NMR_itemized_blacklist

NMR_itemized_blacklist contains blacklist node_ids regarding each variable-based state diff information per test case.

dict
|
+-- test_id (String Key)
        |
        +-- {Nested dict of per-variable blacklisted node ids}
             |
             +-- "variable_id" (Integer Key)
                  |
                  +-- {Set of blacklisted node ids}

Run the experiment step by step

The Docker image demonstrates the essential pipelines required to run the experiments. Additionally, it includes the Dockerfile used to configure the image, outlining key steps such as installing PITest, running mutation analysis, and executing our scripts.

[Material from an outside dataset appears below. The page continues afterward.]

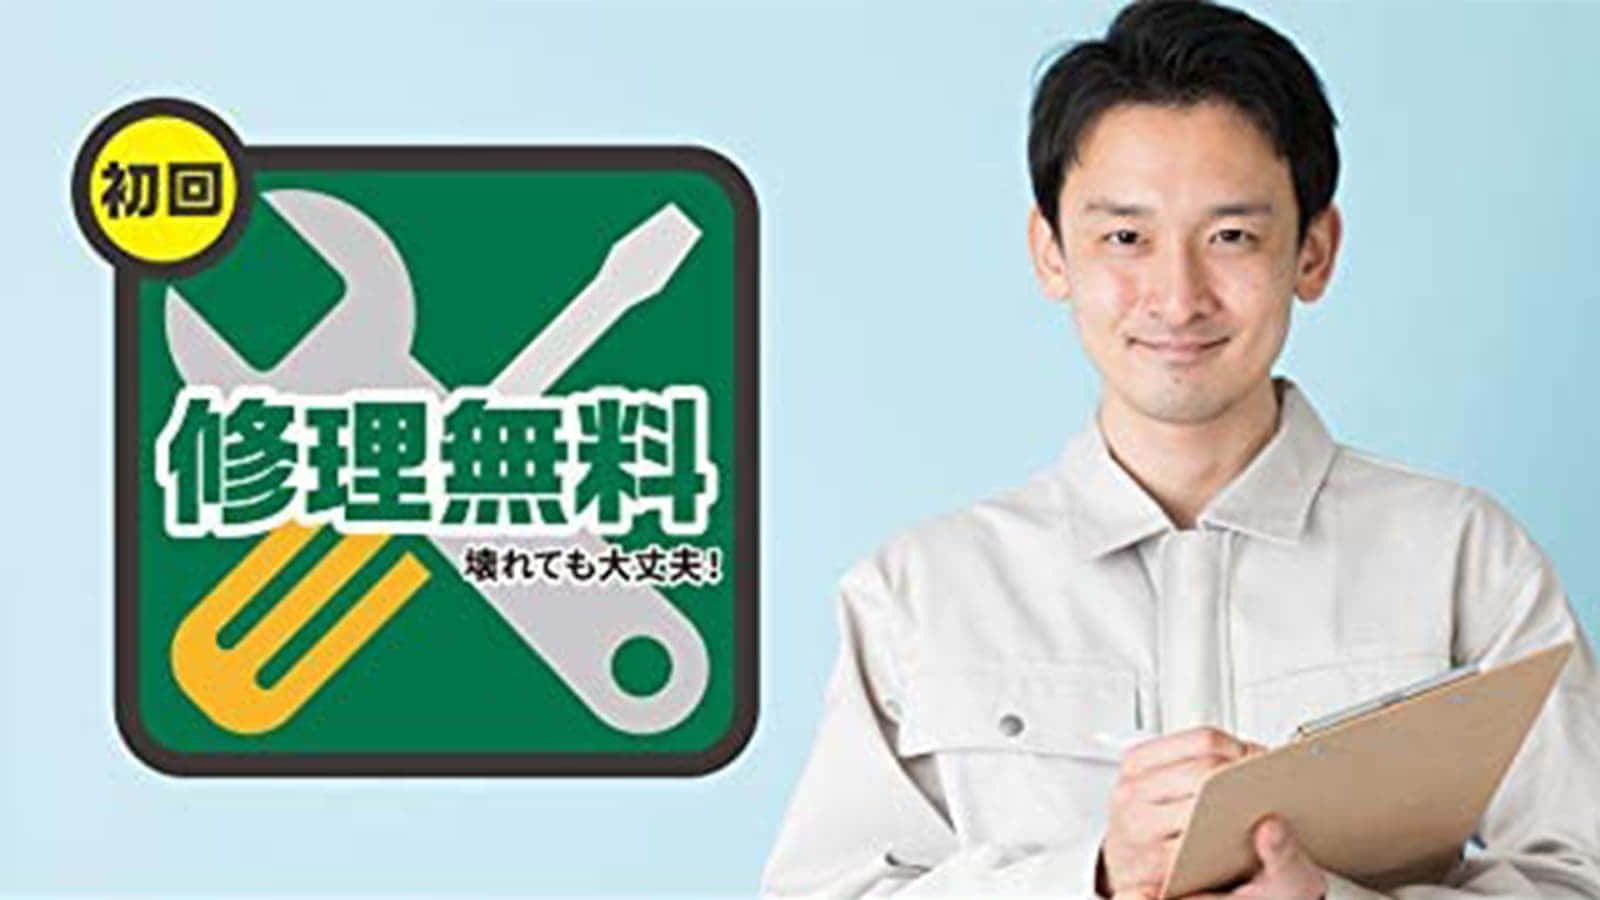 HiKOKI 初回修理保証付き電動工具を展開【Amazon限定】

To specifically install the modified version of PITest, execute the following:

mvn clean install -Dmaven.test.skip

Acquire the jar file for instrumenting the test classes, run:

mvn clean compile assembly:single

Each subject project included in the artifact has been configured and prepared for the experiment, the general pipeline is "compile, instrument, and run mutation analysis":

mvn clean compile test-compile
java -jar "p.jar" target/test-classes
mvn "-Dmaven.main.skip" pitest:mutationCoverage >info.txt 2>result.txt

The raw data related to per-mutant final program states are stored under target/everything directory for further analysis.